The plaintiffs seek a declaration that a portion of St. 1970, c. 670, § 6, purporting to require that the 1971 rates for automobile insurance, including property damage liability insurance, "shall be at least fifteen per cent lower than all rates for such coverages now in effect for the year nineteen *274 hundred and seventy" is unconstitutional because confiscatory; and they seek further declarations concerning the duty of the Commissioner with respect to such rates.
The case was reserved and reported by the single justice without decision upon the bill and the Commissioner's demurrer. The Commissioner expressly waived his right to file an answer and to an evidentiary hearing after a ruling on the demurrer. He admitted "for the purposes of the instant case only, to all the facts ... which are well pleaded." We summarize the facts thus alleged by the plaintiffs and admitted by the Commissioner.
The plaintiffs have written more than 86% of all the property damage liability insurance in effect in the Commonwealth in 1970. Each plaintiff desires to write such insurance in the Commonwealth in 1971 if, among other things, the premiums they are permitted to charge therefor are adequate, just, reasonable and nondiscriminatory. They bring this bill on behalf of themselves and other companies authorized and desiring to write such insurance.

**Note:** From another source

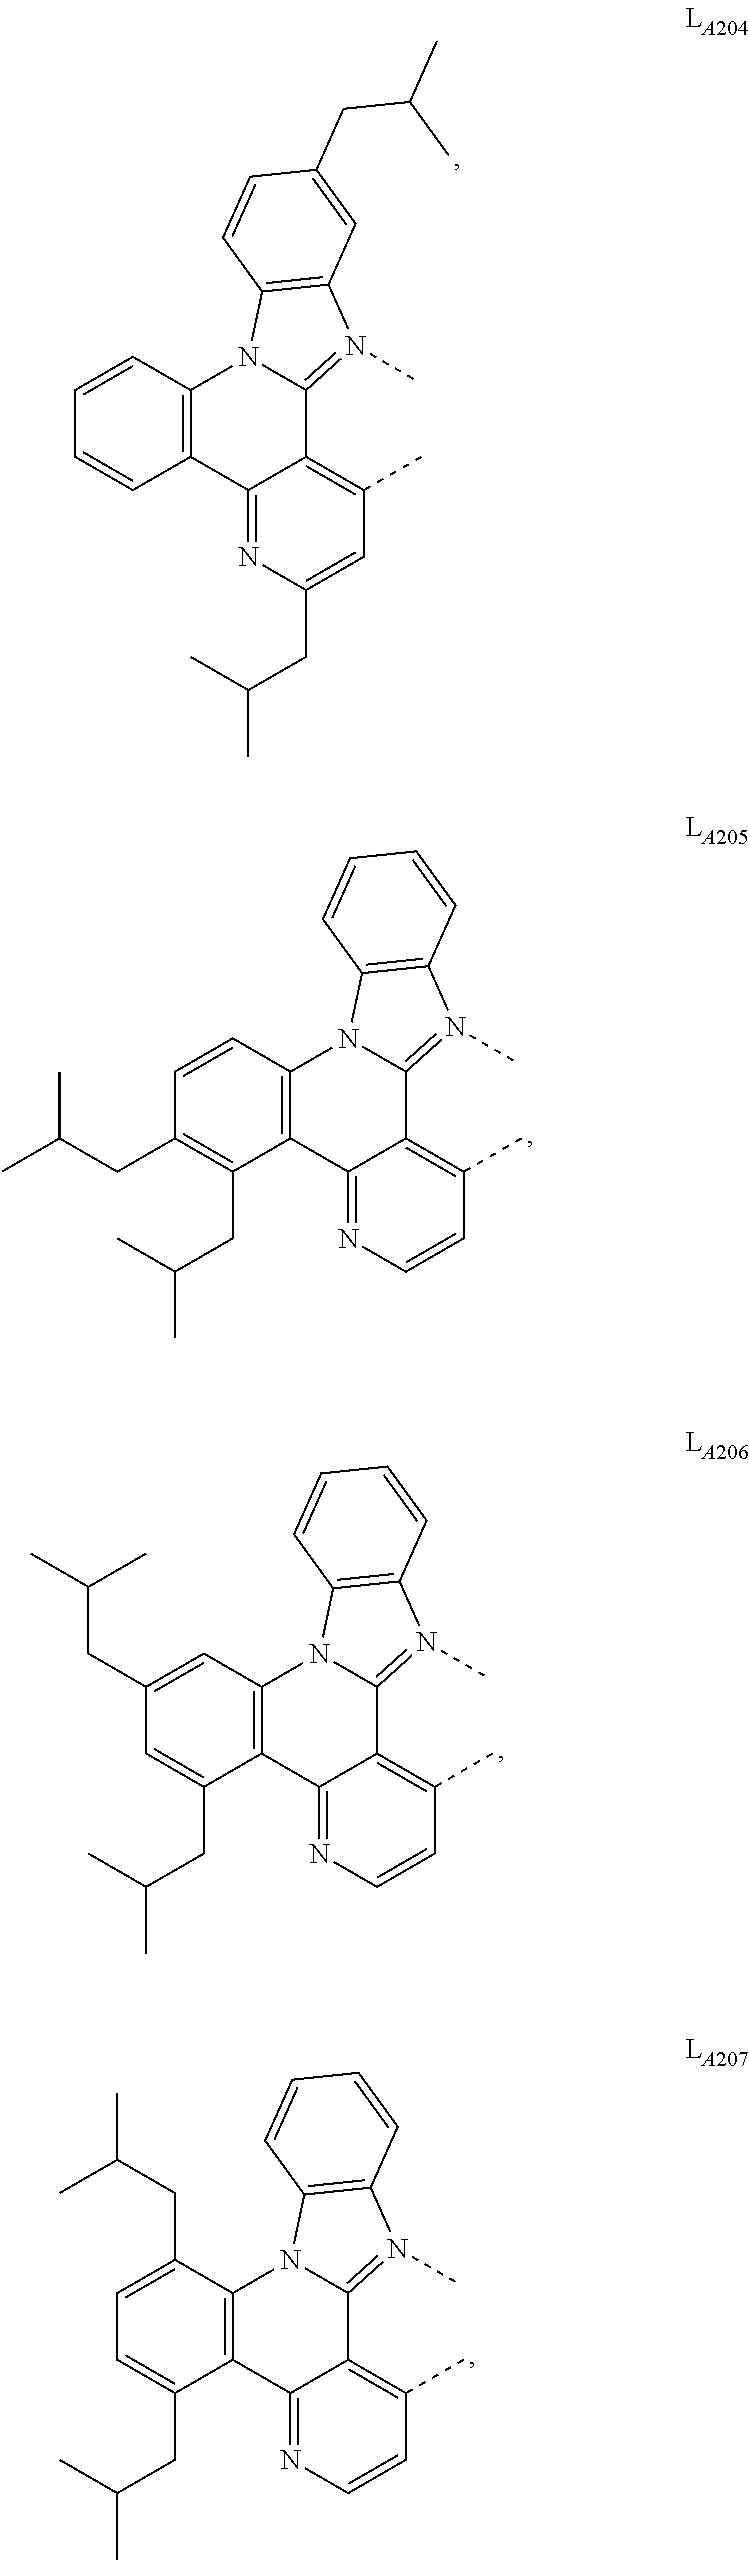 Figure US09905785-20180227-C00072

For each of the years 1967 through 1970 the Commissioner fixed rates for property damage liability insurance coverage up to $5,000, and the plaintiffs filed rates for coverage in excess of $5,000. The rates remained unchanged during all of that period. A controversy has now arisen between the plaintiffs and the Commissioner over the rates for such insurance for the year 1971. This controversy arises from St. 1970, c. 670, which provides in part in § 6 thereof that the rates which may be charged in 1971 for property damage liability insurance and certain other automobile insurance "shall be at least fifteen per cent lower than all rates for such coverages now in effect for the year nineteen hundred and seventy."
On the basis of the aggregate experience of all companies *275 writing both property damage and compulsory motor vehicle liability insurance in the Commonwealth (Companies) the property damage rates in effect in 1969 resulted in a total underwriting loss of $10,256,016 to them for that year. The words "underwriting loss" represent the excess of the total of losses incurred, including allocated claim expenses, and of expenses other than losses, over the total premiums for the year, limited to property damage insurance.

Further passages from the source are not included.